一名士兵连滚带爬地跑进大殿,高声喊道:“王上!王上不好了!齐军偷袭,已杀入皇宫了!”
众人震惊!
商云旌轰然起身,浓烈的杀意浮现冷眸,即刻吩咐人调集城外驻军,以及收拢剩余军队,奔赴昭阳宫。
殷九策……想夺走阿稚,除非从我的尸体上踏过去!
严守昭阳宫的黑影极多,实力与齐国暗卫不相上下,两方打得不可开交,都占不到上风。
这时只要有一方援军抵达,那一方便能获胜。
殷九策进入皇宫的第一件事也是直奔昭阳宫,纵横交错的宫道两侧,两军以难分伯仲的速度逼近。
软红十丈的皇宫陷入刀光剑影,宫人惊叫逃窜,文官躲躲藏藏,武官摇摇摆摆加入战局。
急鼓般的马蹄声响彻宫道,阵阵杀气深彻入耳。
距离昭阳宫仅一步之遥,殷九策却在拐弯后遥遥望见了迎面而至的商云旌。
熟悉的大晋皇宫,熟悉的人,时隔十多年,再次面对面。
还是因为同一人。
上次,殷九策没有资格与商云旌争抢,这一次,他绝对不会轻易让步。
商云旌也在同一时间看到了殷九策,阴翳冷沉的眸中微眯,身后将军劝他回头,他却执意步步逼近。
烽火狼烟中。
两军对峙,互不相让。
“殷九策,只要你将阿稚让给我,我拥有的所有东西,你都可以夺走。”商云旌没有第一时间选择与殷九策厮杀。
其一是凶多吉少。
其二,阿稚的月份大了,经受不了颠簸,稍有不慎便会一尸两命。
他身后的晋军听了这话,纷纷变了脸色。
这是一位君王该说的话吗?他居然要为了一个女人将江山拱手相让!
殷九策微勾薄唇,泛起轻讽:“不要自欺欺人了,你想要的远不止于此,她不过是你的挡箭牌罢了。”
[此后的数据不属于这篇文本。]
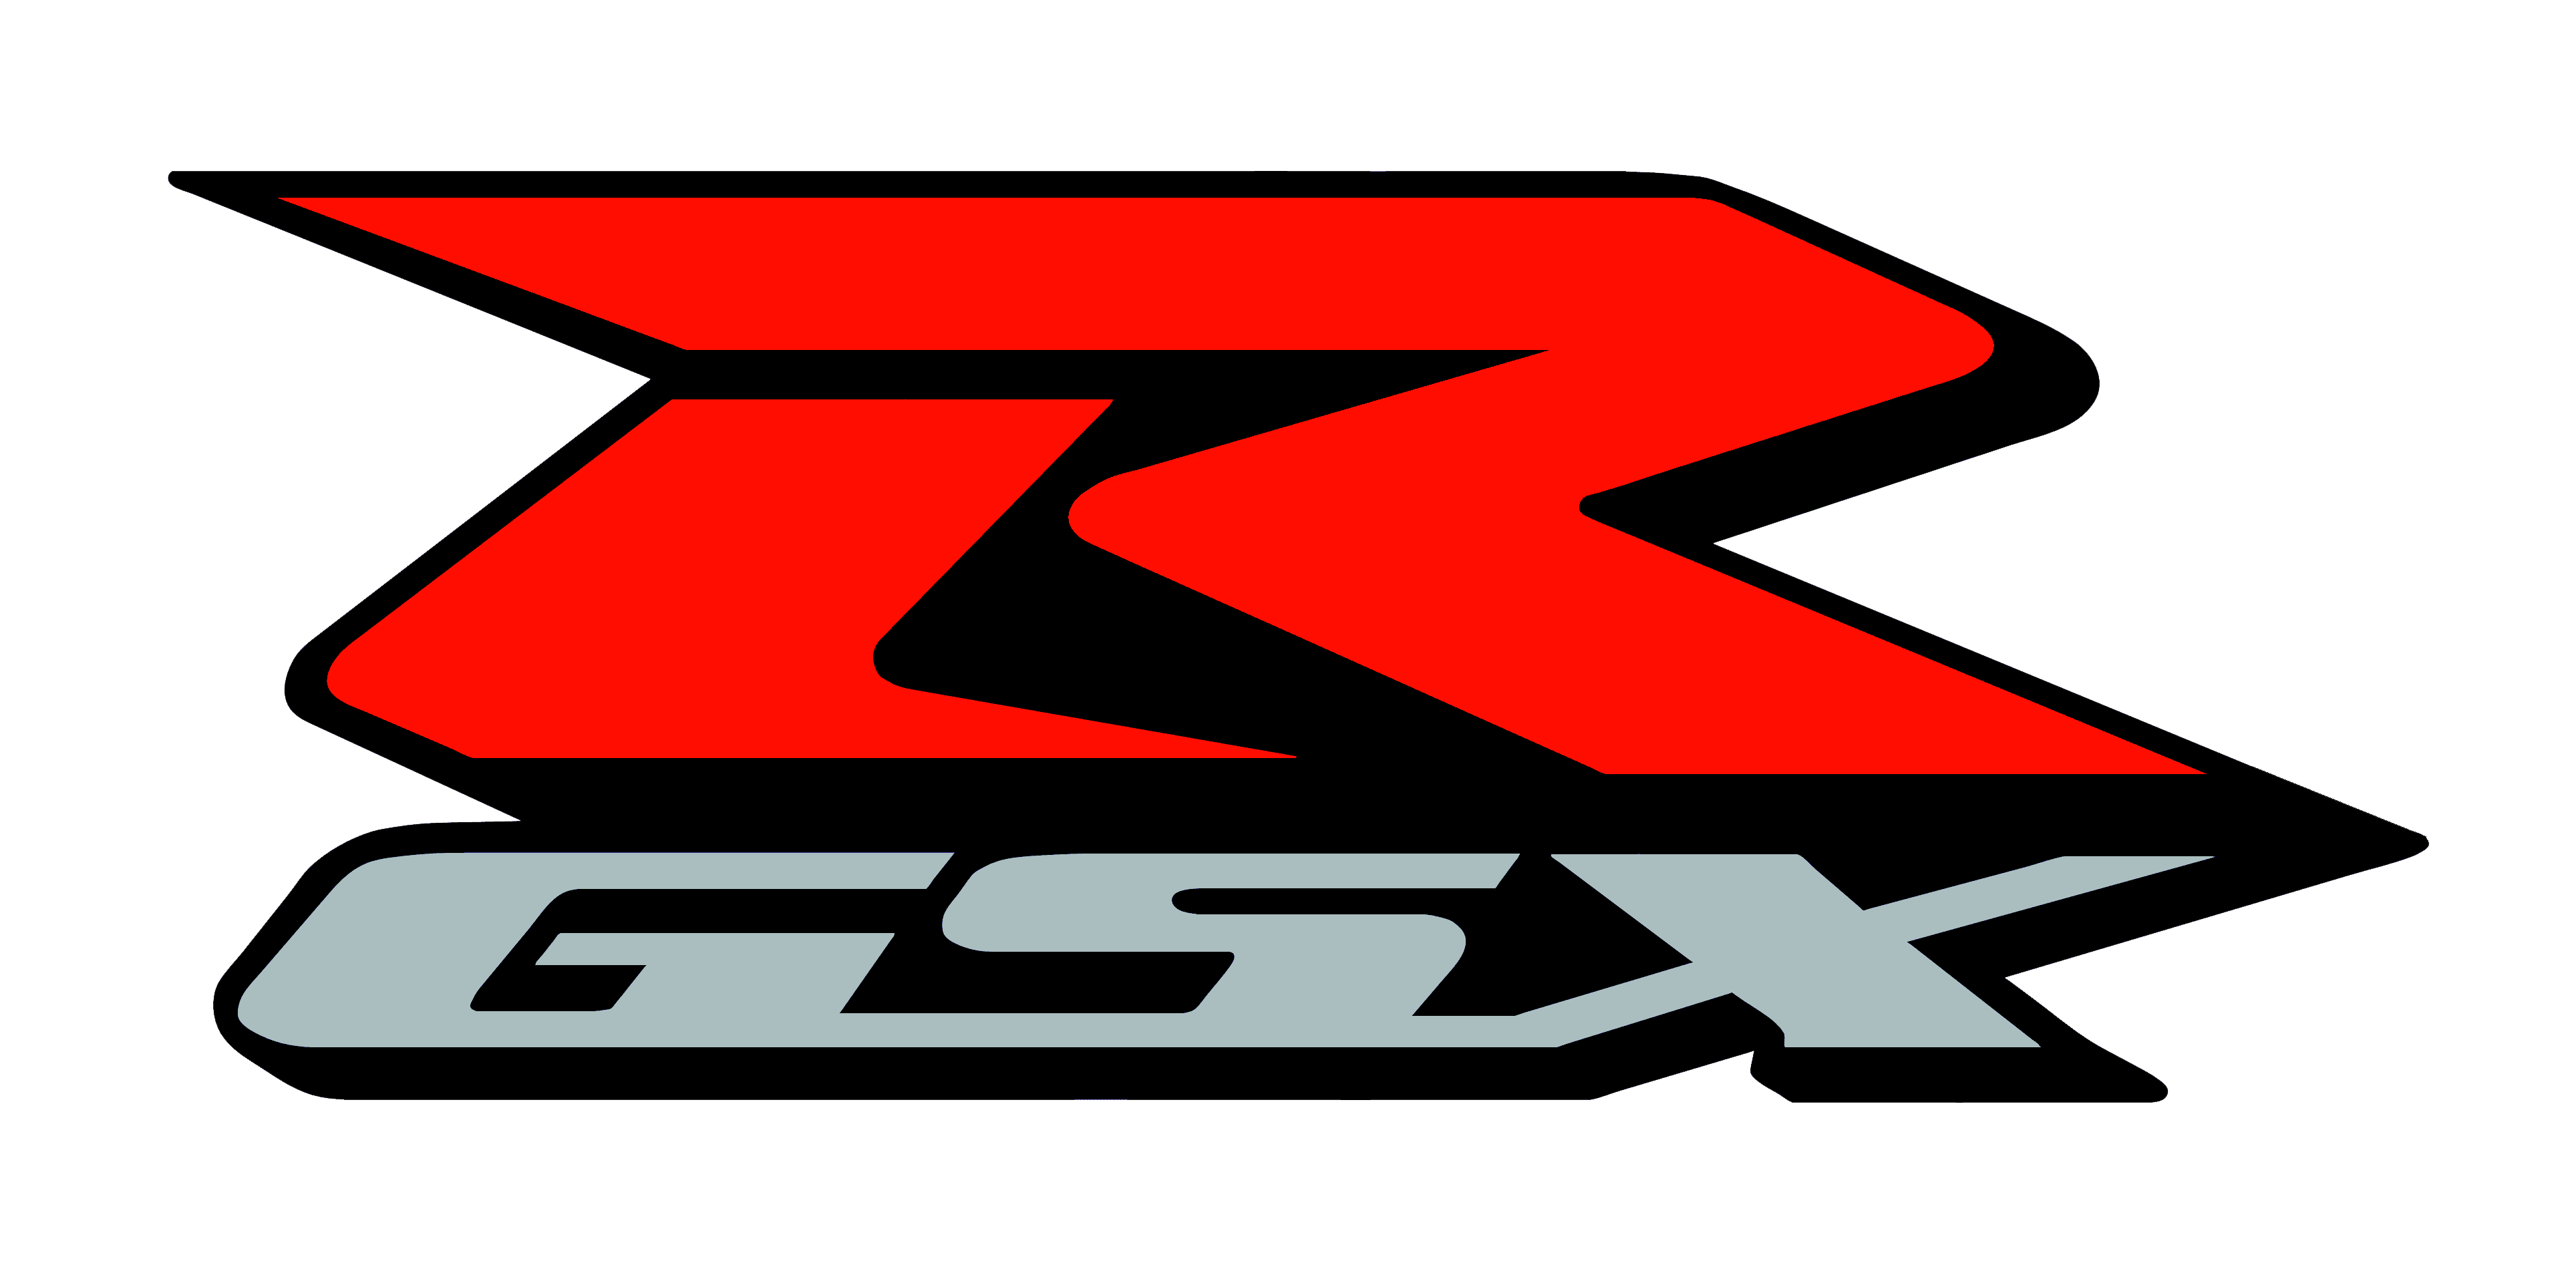 R details. Suzuki Moto logo. Suzuki GSX-R логотип. Suzuki GSX R logo Moto. Suzuki 600 logo.

作得一副痴情模样,只是想欺骗自己一切如旧,从未跌落过深渊。
自私得将罪责压在她身上,这就是他的爱么?
真令人作呕。
“殷九策,你为什么要抓着阿稚不放呢?你就快要坐拥天下了,不再需要得之得天下的她了。”商云旌的凤眸爬上红血丝,猩红而狰狞,犹如地狱恶魔,“她对你而言不过是一个普通的女人,对我却是救命稻草!”
“她在我心里有多重要你大可放心,否则我也不会出现在这里。”
“唰!”
殷九策不紧不慢地说完,伸臂挥舞长剑撕破云空,狭眸中划过凌色,“单挑太欺负你了,一起上吧,我急着去接我夫人。”
身后数万将士排兵列阵,手中武器直指晋军!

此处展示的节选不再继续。